There are some who subscribe to the belief that the apprehension and uncertainty over Brexit has been exaggerated and are of the view that the new arrangement post-Brexit will allow the UK to flourish economically and will provide stability as it will remove the UK from potential uncertainties, political or economic, of the Eurozone. The attractions of sectors such as the UK’s thriving high-tech industries with applications in Asian markets, such as bio-tech, environmental, smart-energy, advanced machinery manufacturing and the continued willingness of the UK to allow foreign investment into real estate and long-term infrastructure even in key sectors like nuclear power may make such investment less dependent on the UK’s place within the EU and here the impact of Brexit could be limited.

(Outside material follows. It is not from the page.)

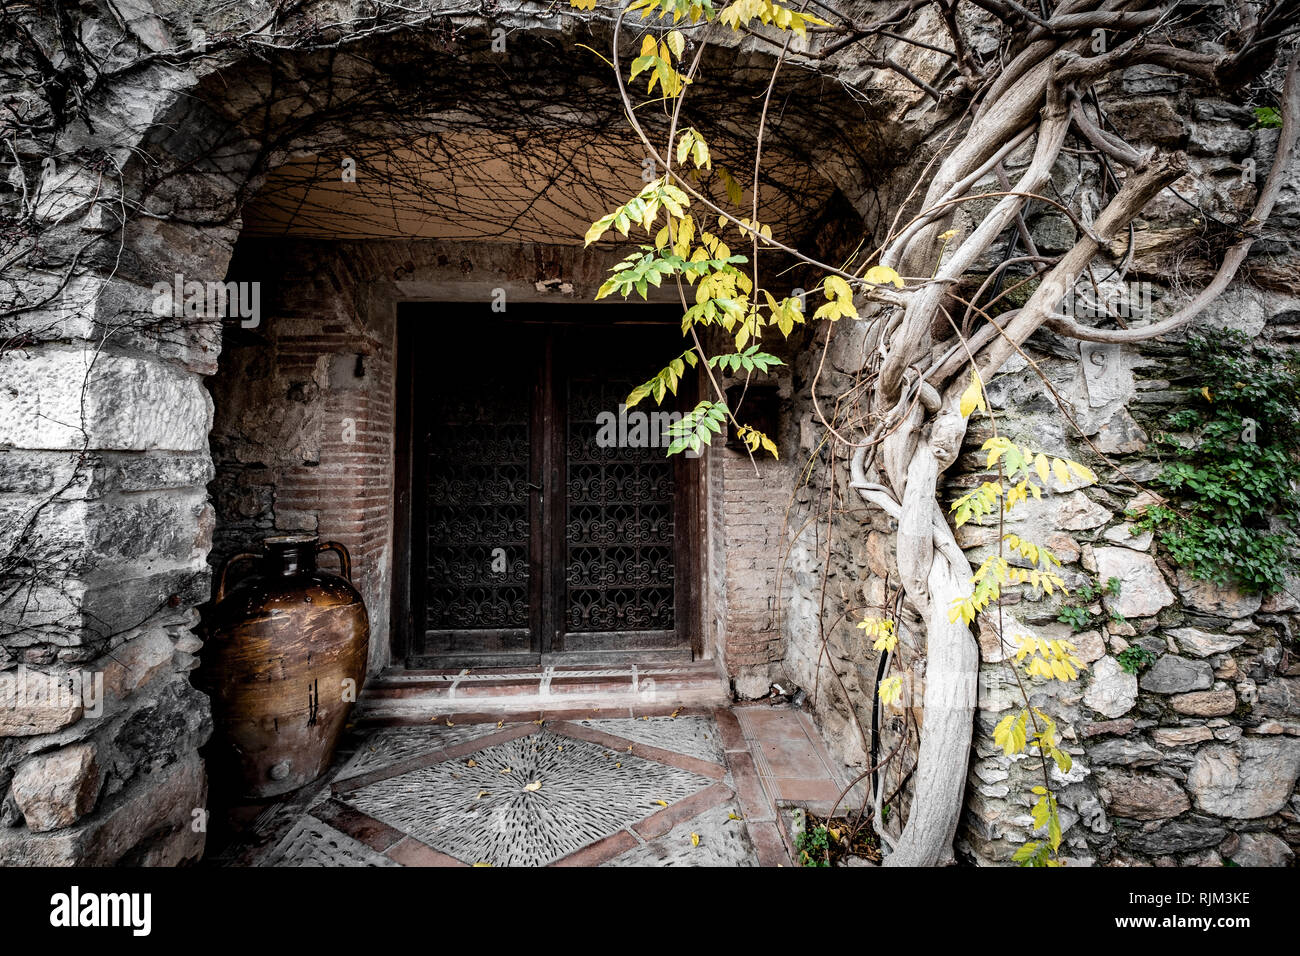 Rustikale Architektur im Dorf Castelnou, innerhalb der Liste der les plus beaux Städte von Frankreich Stockfoto

On the other hand, Britain has long been a favoured destination for Asian investors as a base of departure into the rest of the EU and the issue of maintaining seamless access in regulatory and tariff terms to a single market of 500 million consumers is an important one in a foreign investor’s decision making. This implies that a “hard Brexit” which removed such easy access could damage future investment plans and might favour Asian businesses prioritising other landing points in the EU. Should clients need to adjust their investment plans, Singapore lawyers will be keeping abreast of developments and able to assist the client with the transition.


This article is provided to you for general information and should not be relied upon as legal advice. The editor and the contributing authors do not guarantee the accuracy of the contents and expressly disclaim any and all liability to any person in respect of the consequences of anything done or permitted to be done or omitted to be done wholly or partly in reliance upon the whole or any part of the contents.